Problem to work on -> Where the records below reach the line containing "Leadership Enhancement Program", start transcribing, and end with the line containing "The ALL NEW DJDrops247.com Droppin' Soon!", exactly and with nothing else added.

Records provided ->
Segment Open
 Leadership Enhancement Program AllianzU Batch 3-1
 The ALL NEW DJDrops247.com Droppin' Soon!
Segment Closed
Segment Open
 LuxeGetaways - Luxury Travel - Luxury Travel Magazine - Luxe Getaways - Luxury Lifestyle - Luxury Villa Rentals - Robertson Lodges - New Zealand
Segment Closed
Segment Open
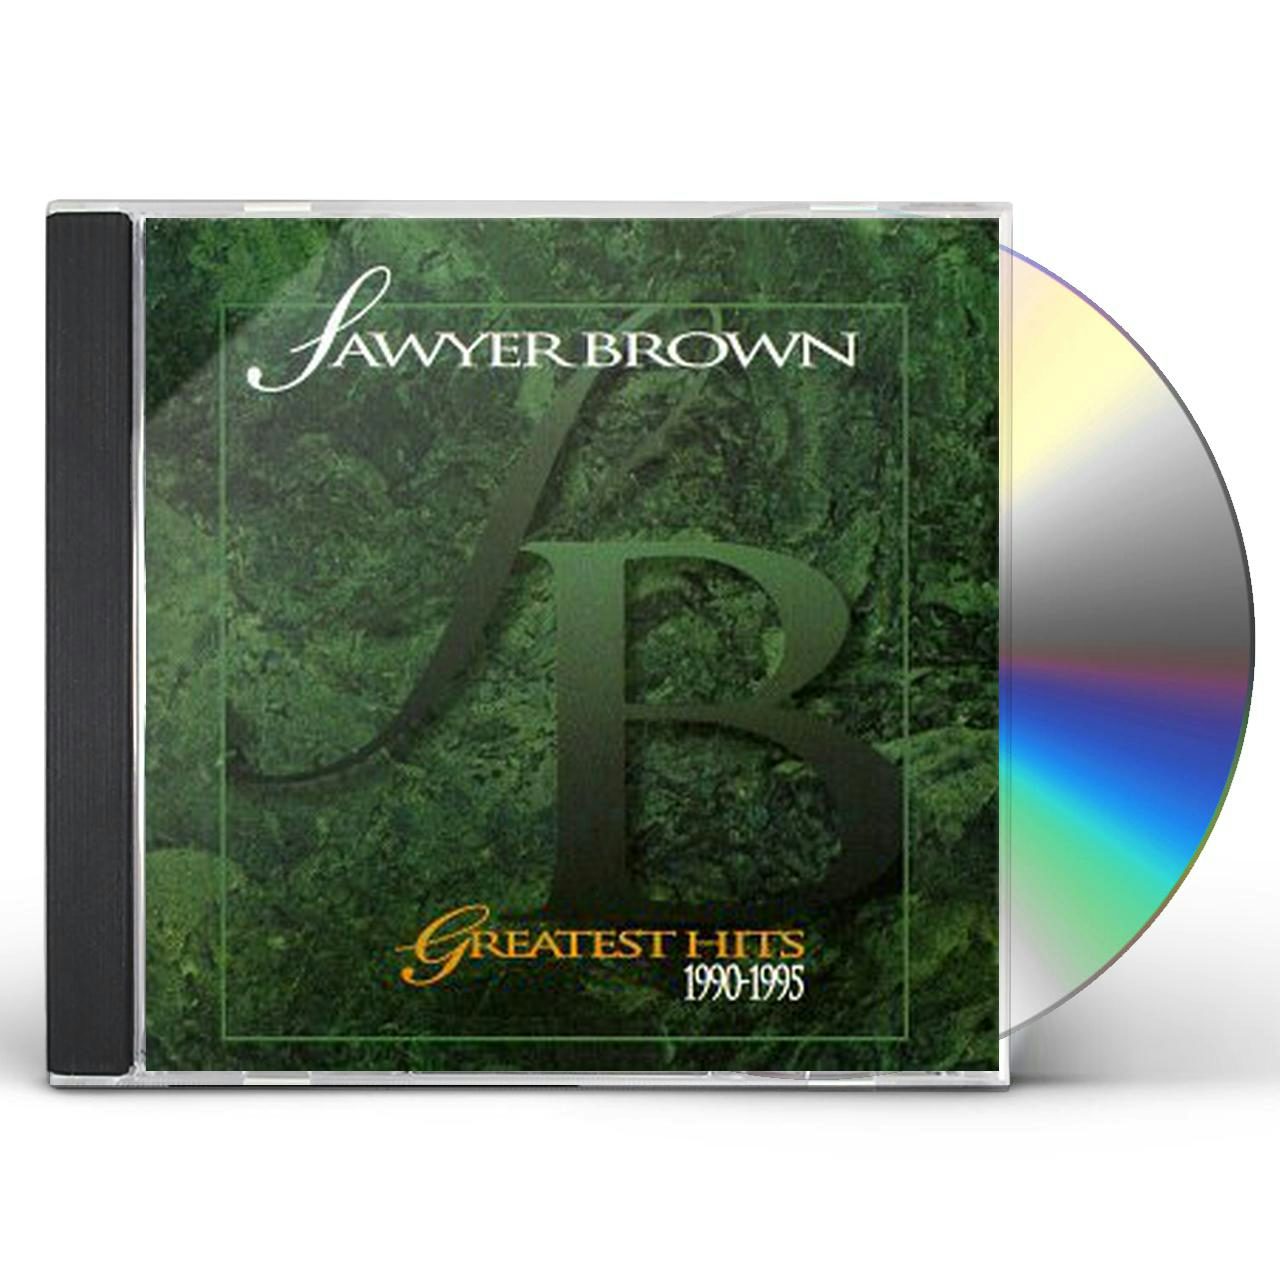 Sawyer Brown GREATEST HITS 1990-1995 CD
Segment Closed
Answer box ->
 Leadership Enhancement Program AllianzU Batch 3-1
 The ALL NEW DJDrops247.com Droppin' Soon!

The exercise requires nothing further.